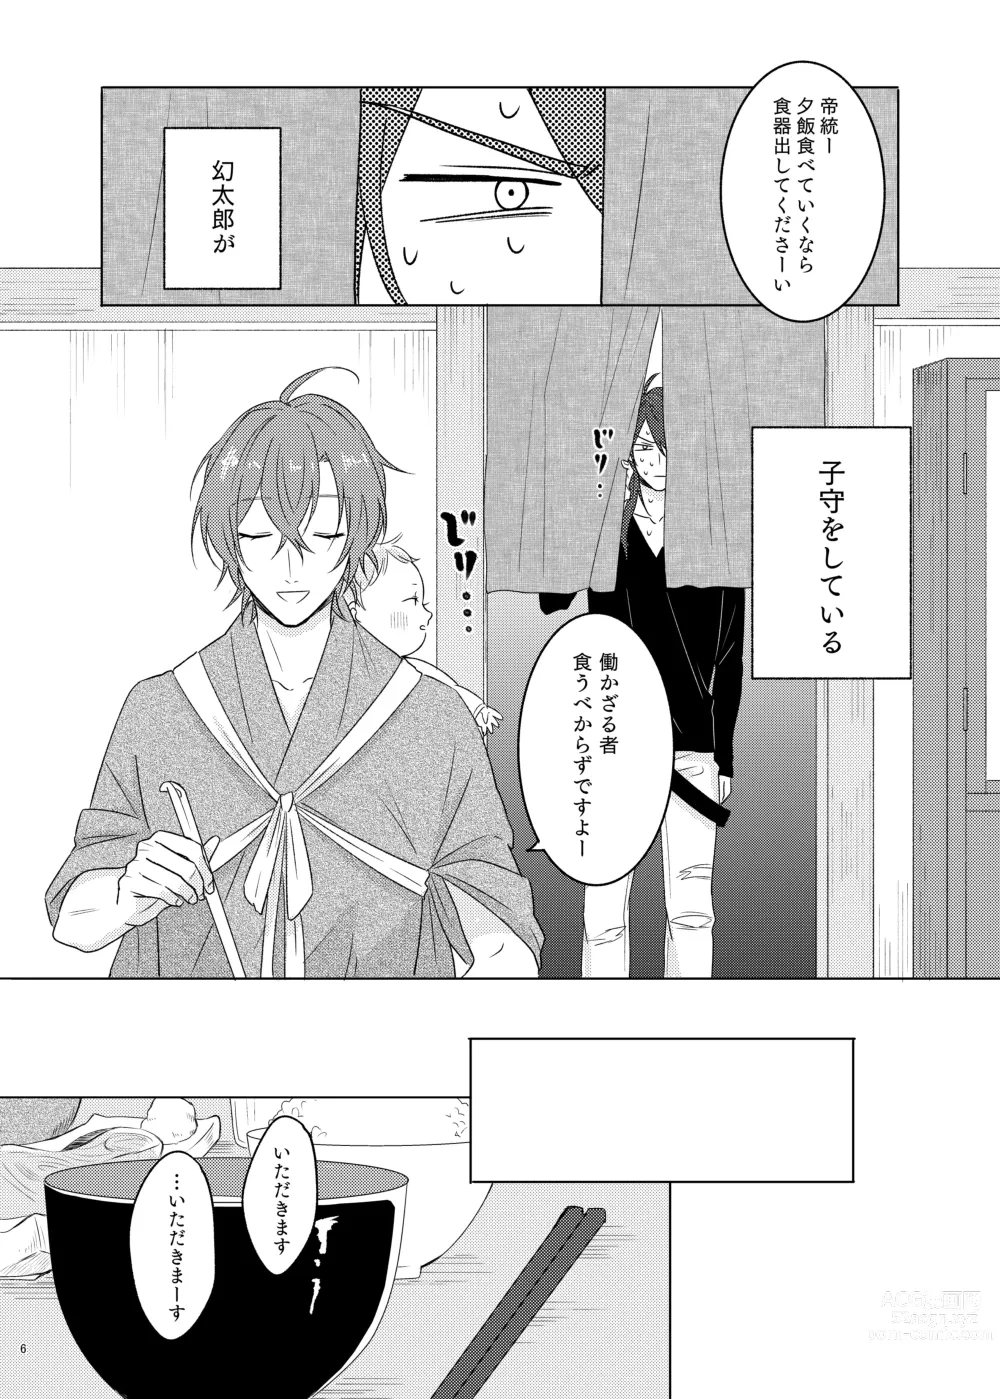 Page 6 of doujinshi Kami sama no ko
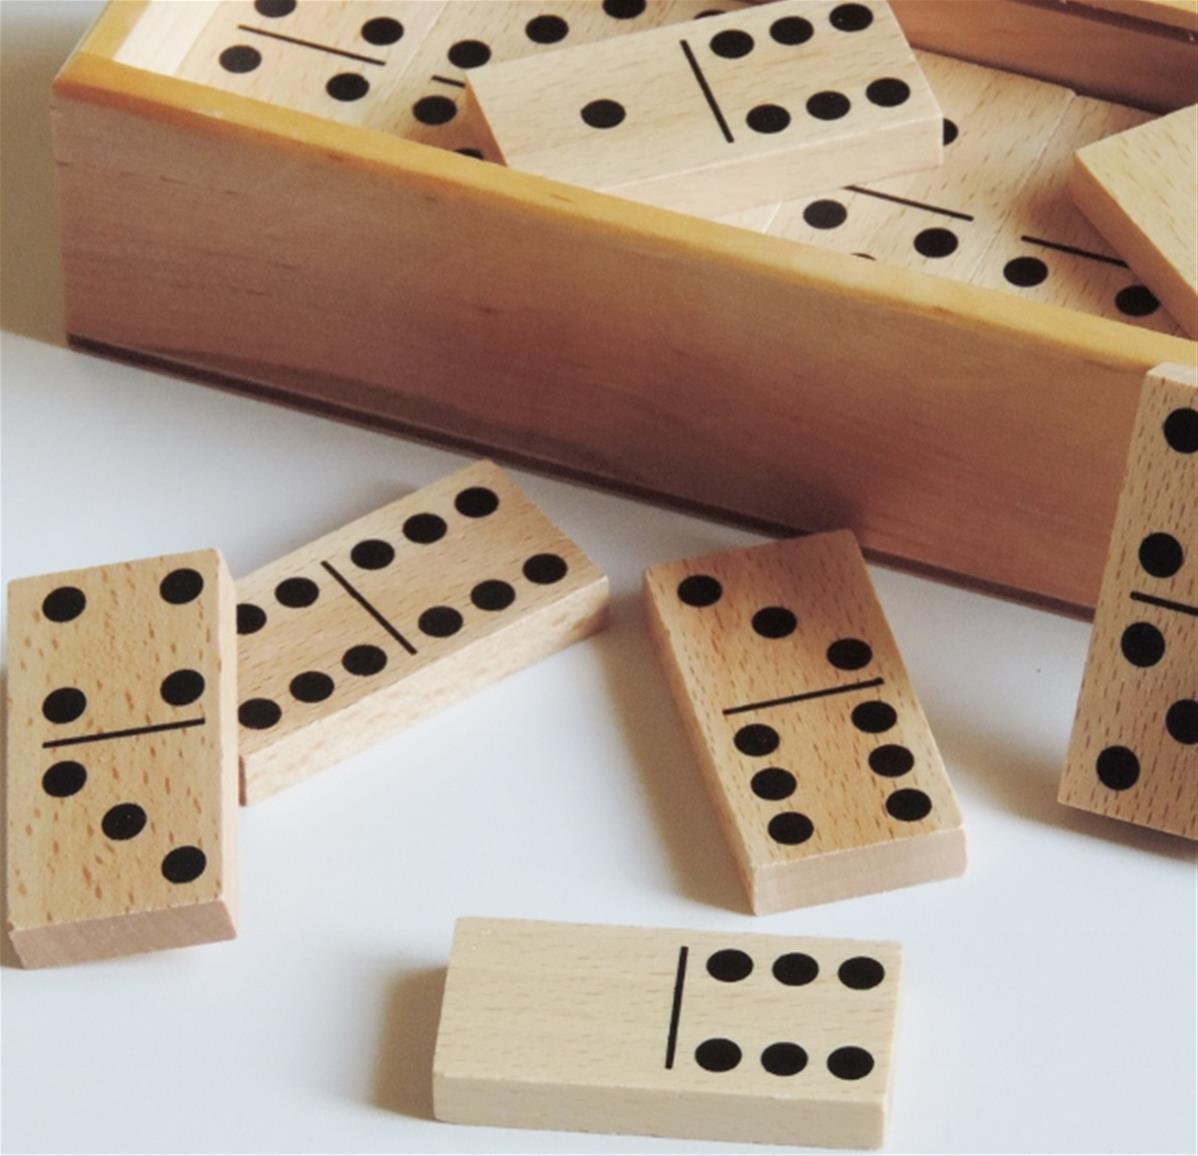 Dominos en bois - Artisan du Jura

* * *

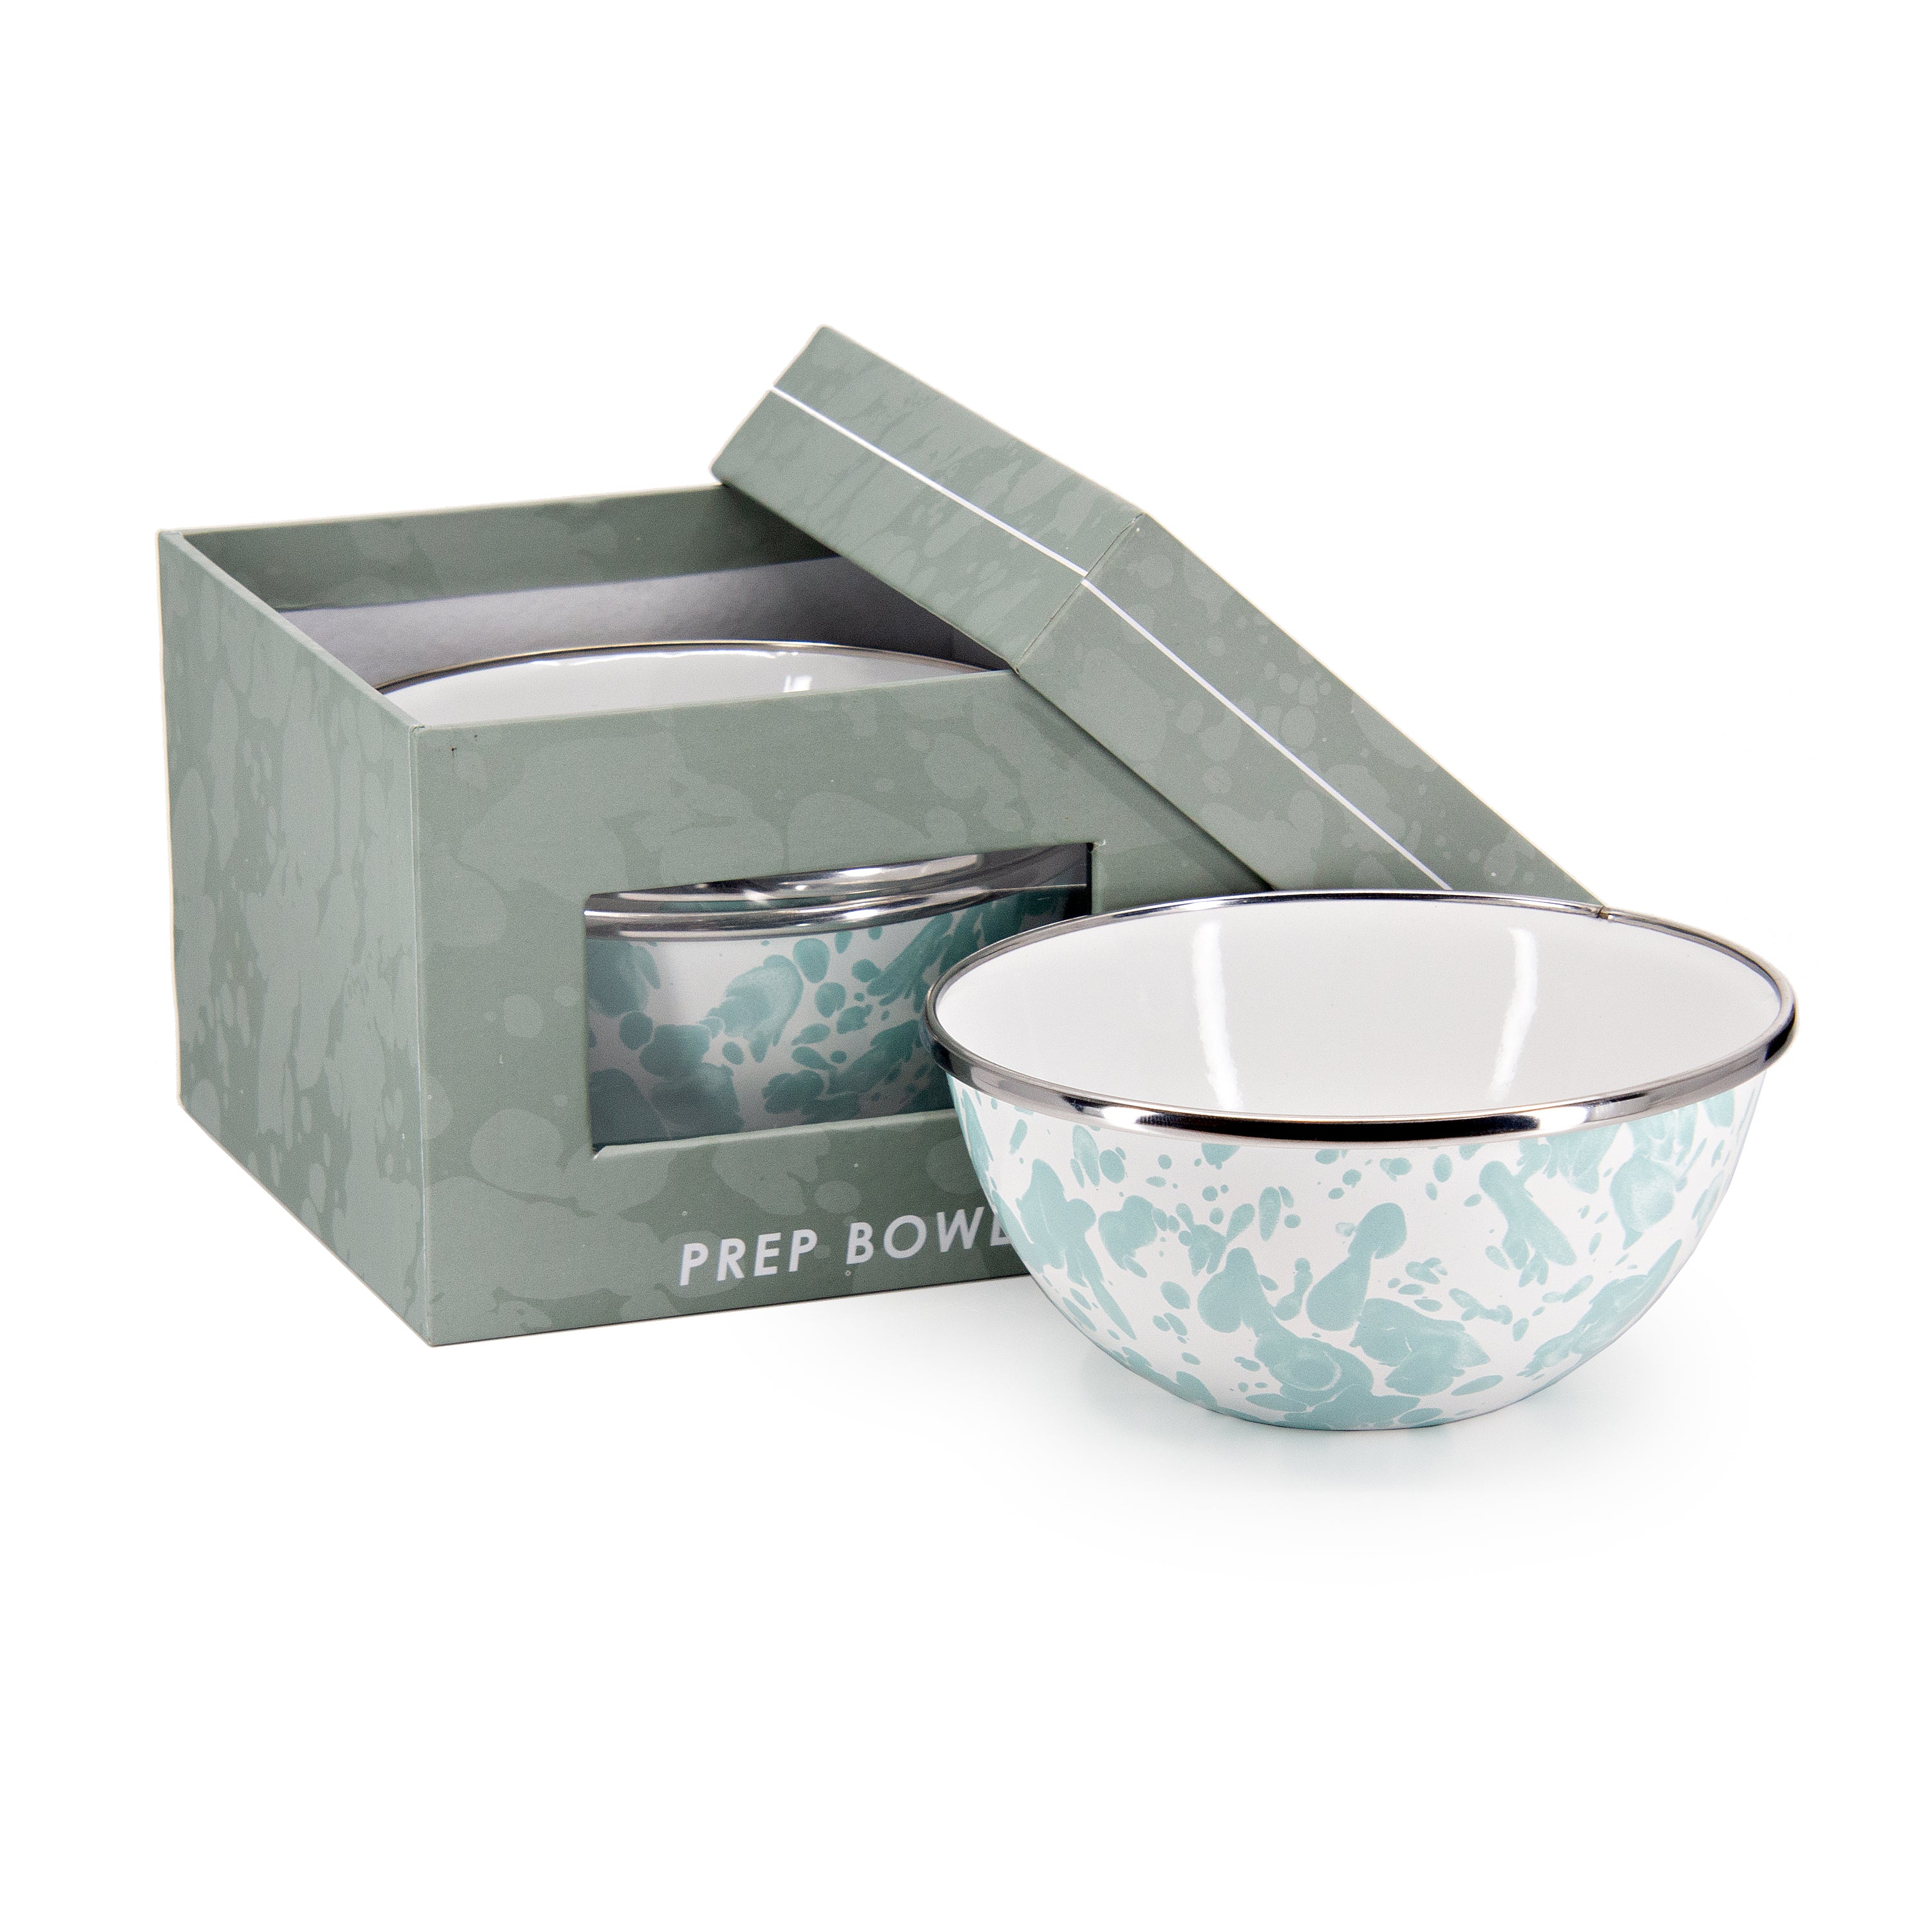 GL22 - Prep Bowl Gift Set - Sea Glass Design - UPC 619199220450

» **Your task**
Repeat the lines above exactly, beginning with the one containing "Page 6 of doujinshi Kami sama no ko" and finishing with the one containing "Dominos en bois - Artisan du Jura". No pictures belong in the copy.

» **Written answer**
 Page 6 of doujinshi Kami sama no ko
 Dominos en bois - Artisan du Jura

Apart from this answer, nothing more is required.